What is a P/E Ratio
The P/E ratio is a metric that assesses the relationship between a company's stock price and its earnings per share (EPS). It can be calculated based on both historical data (for trailing PE) or forward-looking estimates (for forward PE).
If a stock is trading at 20 EUR per share, for example, and its EPS are 2 EUR, then the P/E ratio of the stock would be 10 (20/2).
How to Analyze an Individual Stock Using the P/E Ratio
You may use the P/E ratio to gauge the valuation of a stock. A higher ratio indicates that a stock is relatively more expensive in relation to its earnings, while a lower ratio suggests that the stock is relatively less expensive.
However, determining "high" or "low" levels for a company's P/E ratio can be subjective. One effective approach is by:
Comparing company's current P/E in relation to its historical P/E range.
If appropriate, comparing the company's current P/E to that of similar companies at similar stages of maturity in the same business.

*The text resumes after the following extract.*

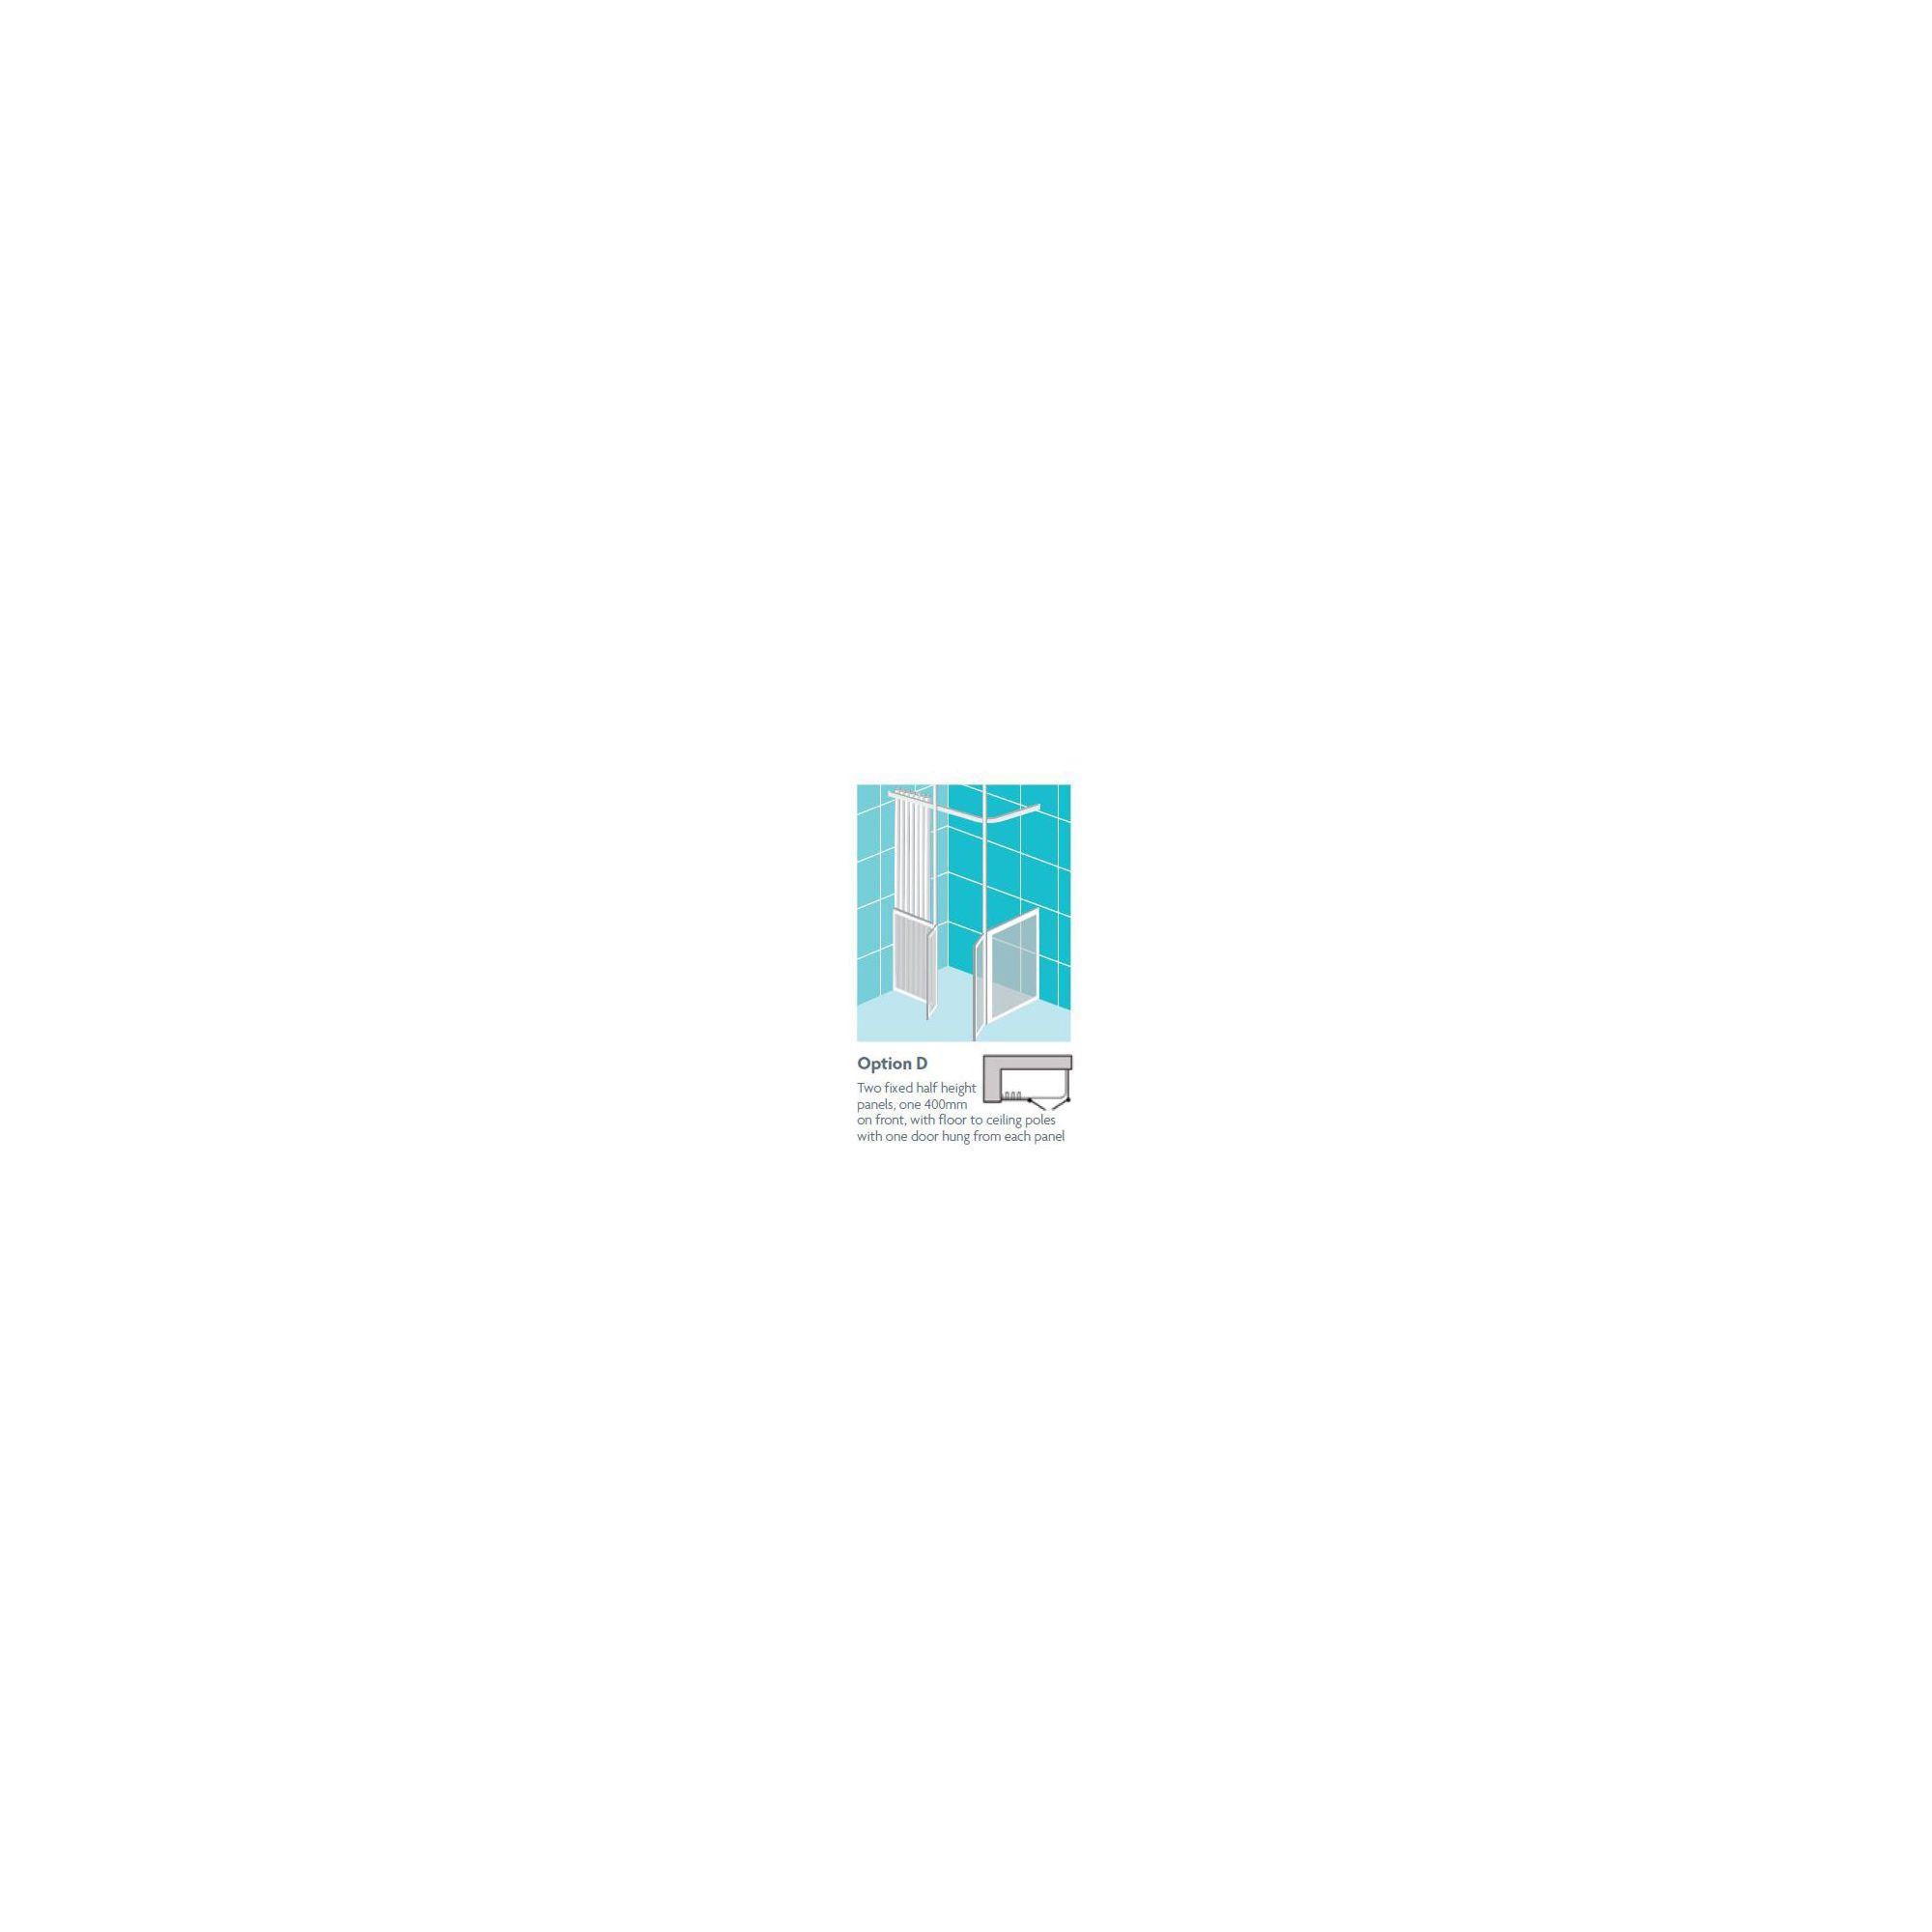 Impey Supreme Corner Door Option D Left Hand 1200mm x 750mm at Tescos Direct
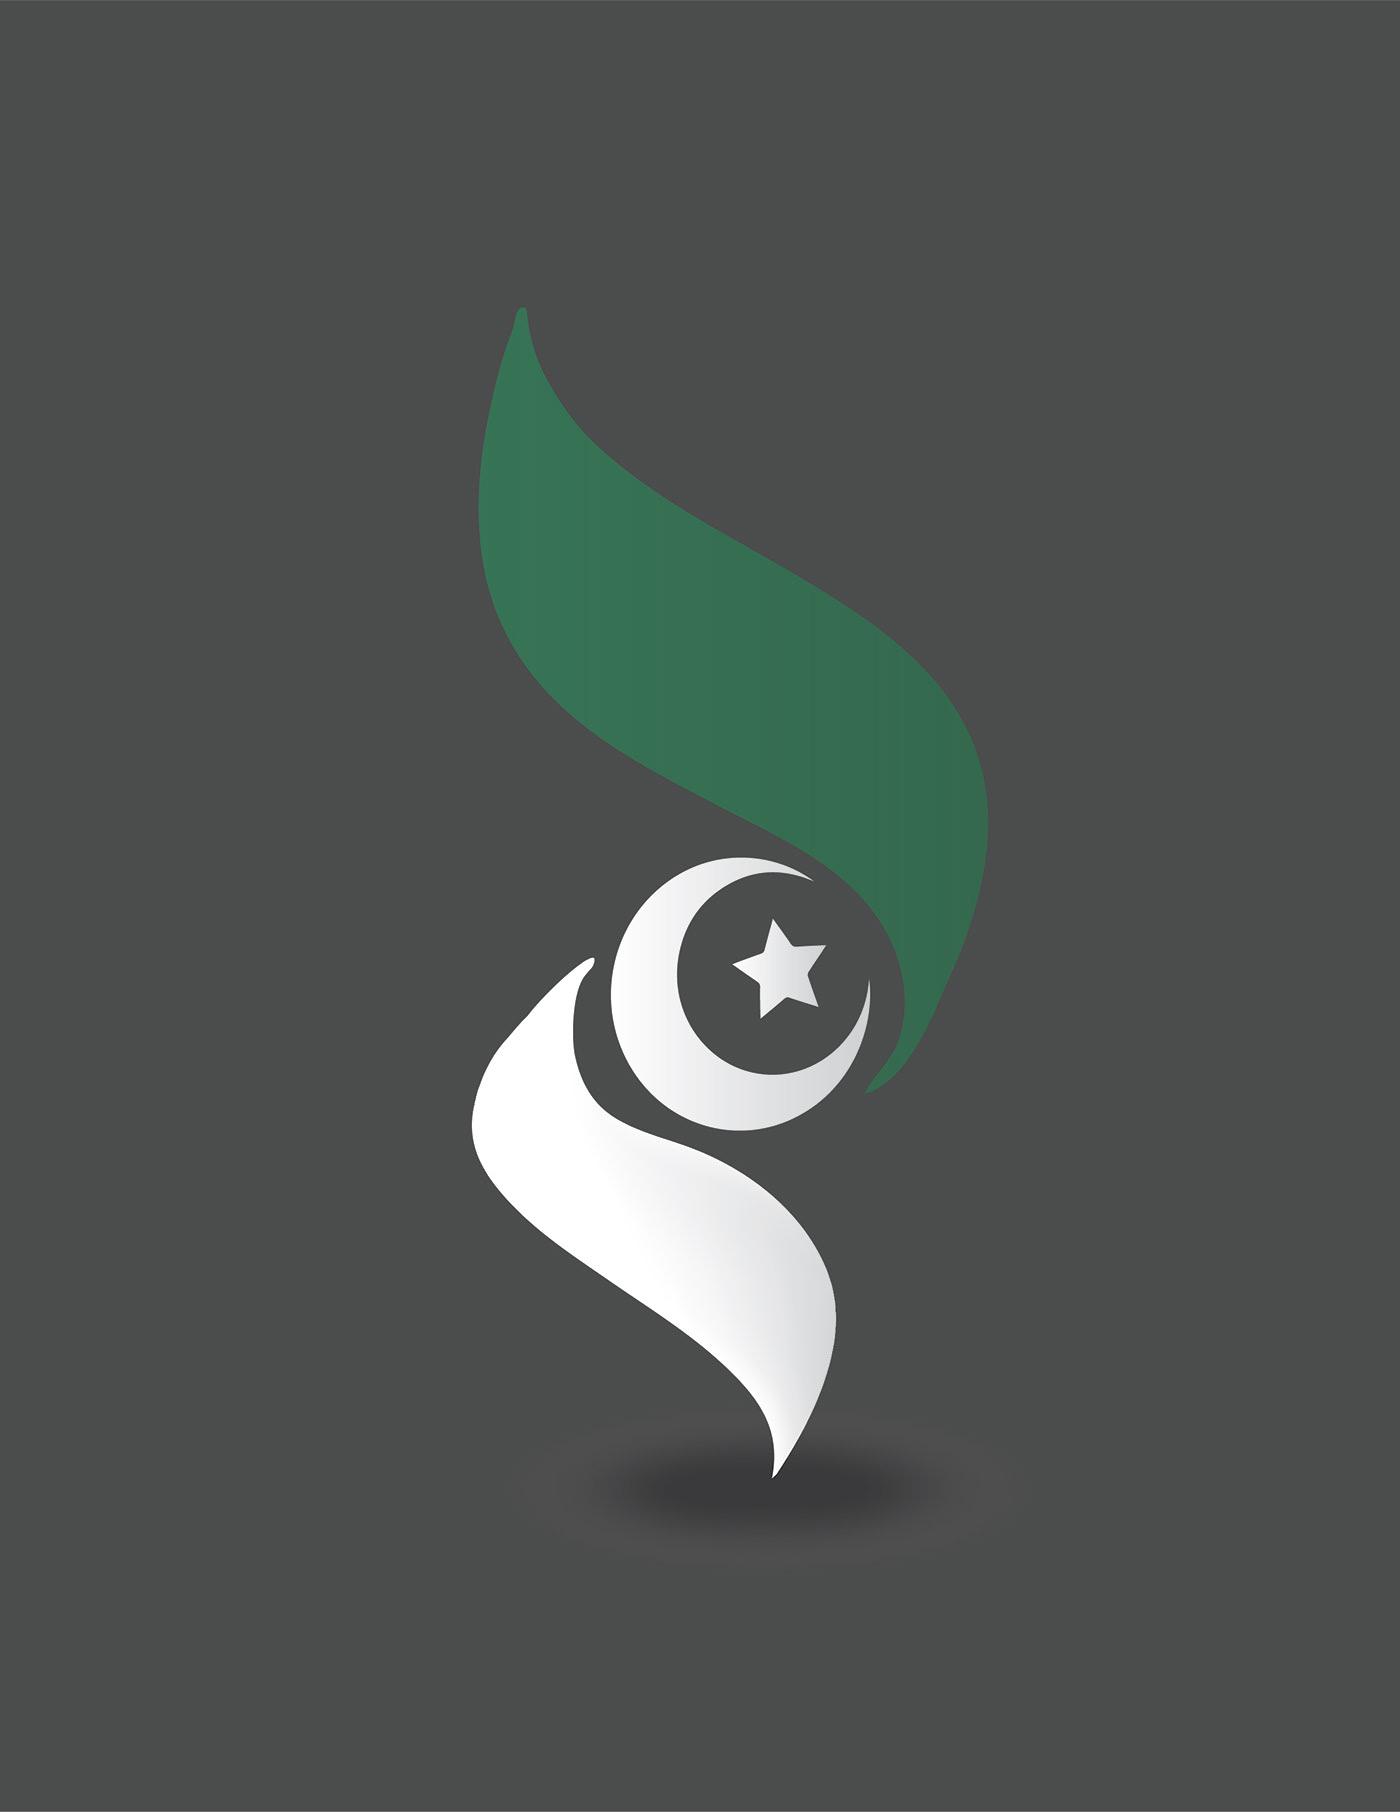 Pakistan Flag Free Download on Behance

In this way, stocks can be classified as “growth” or “value” investments. An investment with an above average P/E ratio might be classified as a growth investment. An investment with a below average P/E ratio is typically classified as a value investment.
How to Analyze the Entire Market Using the P/E Ratio
We've talked about analyzing the P/E ratio of individual companies. But the same technique can be used to judge the valuation of entire stock market indices, such as the IBEX 35.
Investors can calculate the P/E ratio of the IBEX 35 by adding up the price of every stock in the index, and then dividing it by the sum of all IBEX 35 companies' EPS over the last 12 months (or their projected EPS over the next 12 months, in the case of forward P/E ratio).
The IBEX 35 has a long-term average P/E ratio of about 14. Higher P/E ratios can suggest an overvaluation of the index, whereas lower ratios may indicate an undervaluation of the index.